A powder formed body, which satisfies the following necessary conditions 1 to 3: Necessary condition 1: At at least one temperature T1 between -200°C and 1200°C, the |dA(T)/dT| of the powder satisfies 10 ppm/°C or more; A is (lattice constant of the a-axis (short axis) of the crystal in the powder)/(lattice constant of the c-axis (long axis) of the crystal in the powder), and each of the above lattice constants can be obtained by X-ray diffraction measurement of the powder; Necessary condition 2: The powder is a metal oxide powder containing titanium, and the metal oxide powder containing titanium is TiO _x (x=1.30~1.66) powder; Necessary condition 3: The thermal expansion coefficient of the above-mentioned molded body at -200℃~1200℃ is negative at at least one temperature.

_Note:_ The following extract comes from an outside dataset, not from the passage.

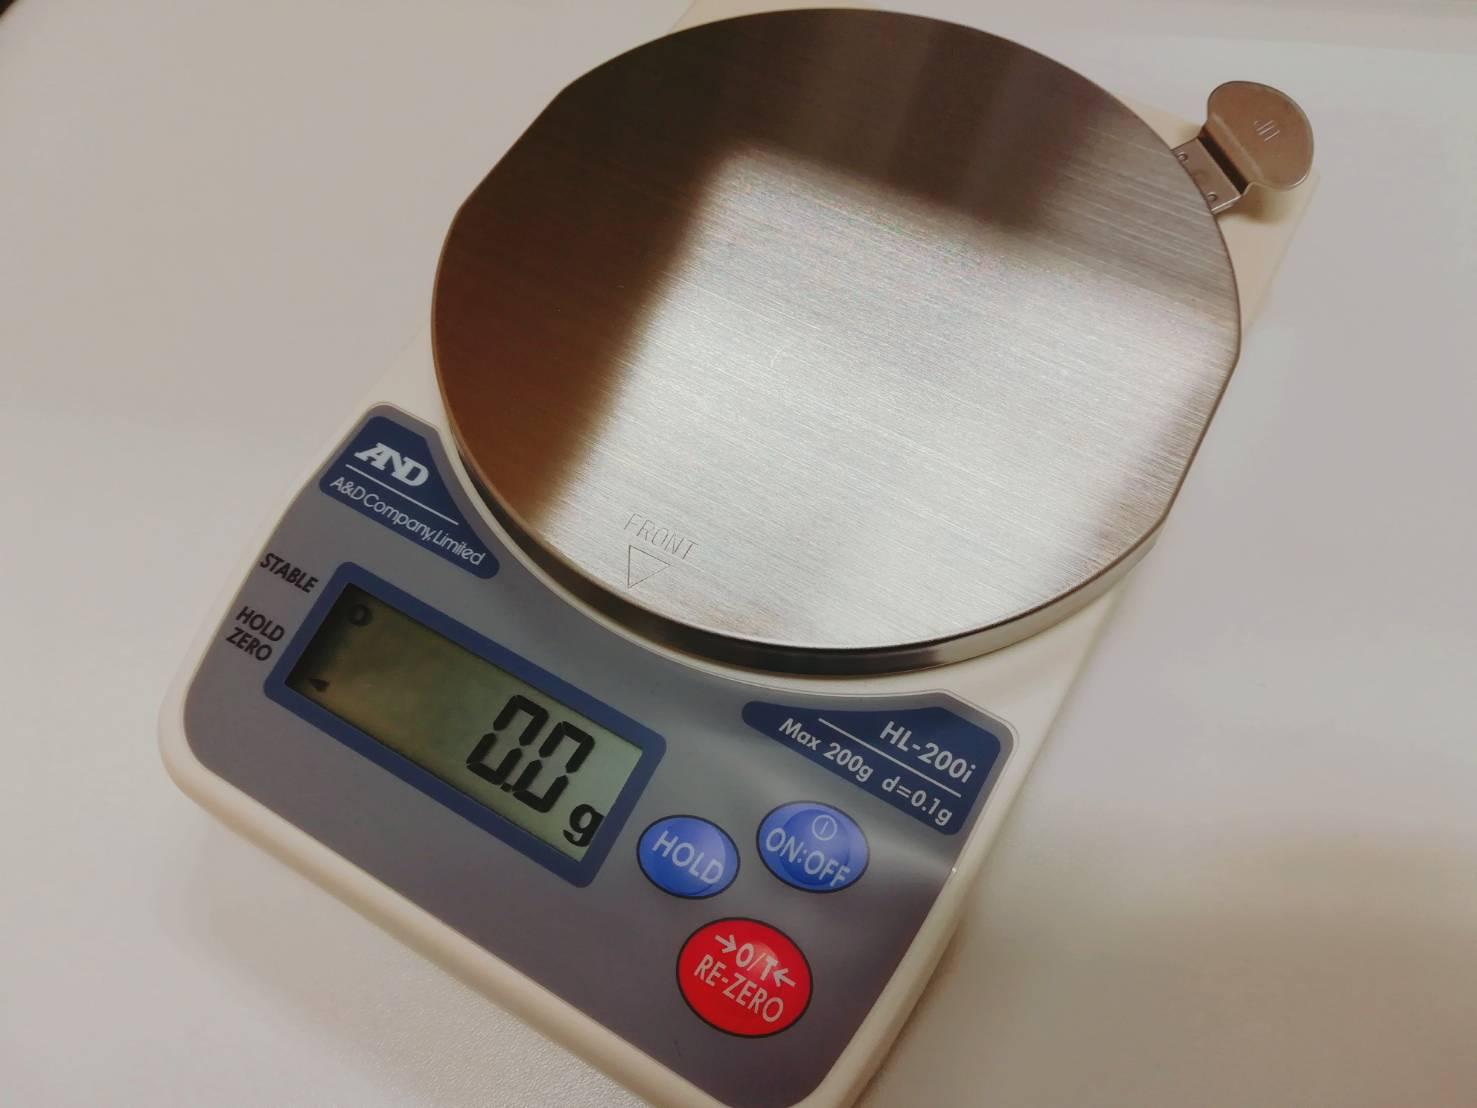 「金の重さを確認する」のイメージ画像
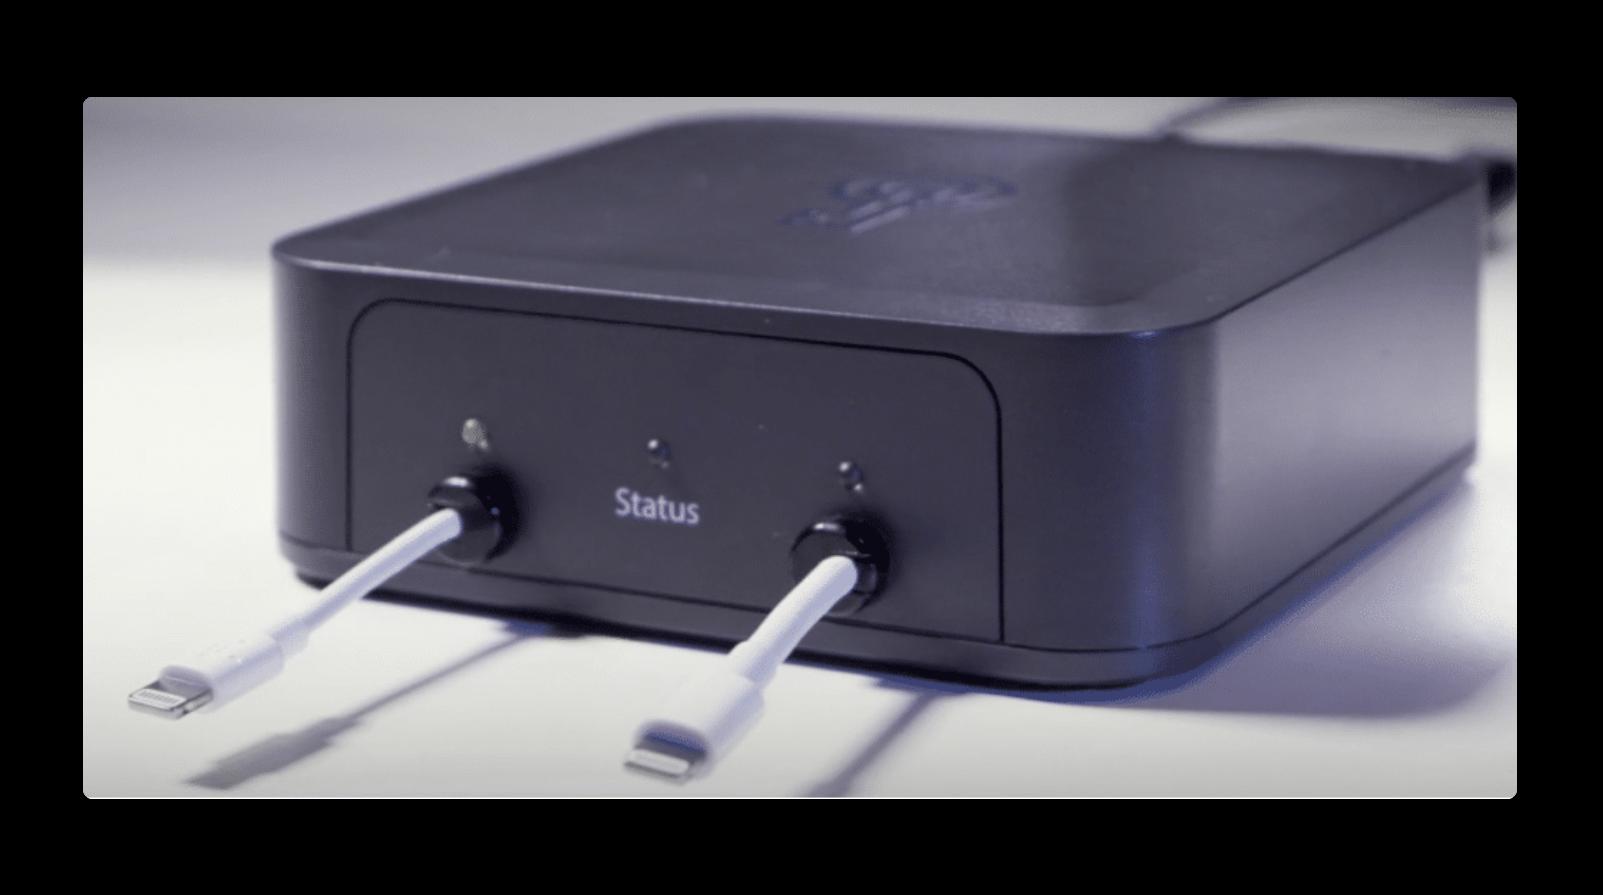 Grayshift は Apple の USB 制限モード打ち破ったと述べている

The molded body of claim 1 is a heat dissipation component, a mechanical component, a container, an optical component, a component for an electronic device, or an adhesive. A filler powder satisfies the following necessary conditions 1, 2, and 4: Necessary condition 1: At at least one temperature T1 between -200°C and 1200°C, |dA(T)/dT| of the filler powder satisfies 10 ppm/°C or more; A is (lattice constant of the a-axis (short axis) of the crystal in the powder)/(lattice constant of the c-axis (long axis) of the crystal in the powder), and each of the lattice constants can be obtained by X-ray diffraction measurement of the powder; Necessary condition 2: The filler powder is a metal oxide powder containing titanium, and the metal oxide powder containing titanium is TiO _x (x=1.30~1.66) powder; Necessary condition 4: The thermal expansion coefficient of the solid composition comprising 88 parts by weight of the above filler powder and 12 parts by weight of sodium silicate at 25~320°C is negative at at least one temperature.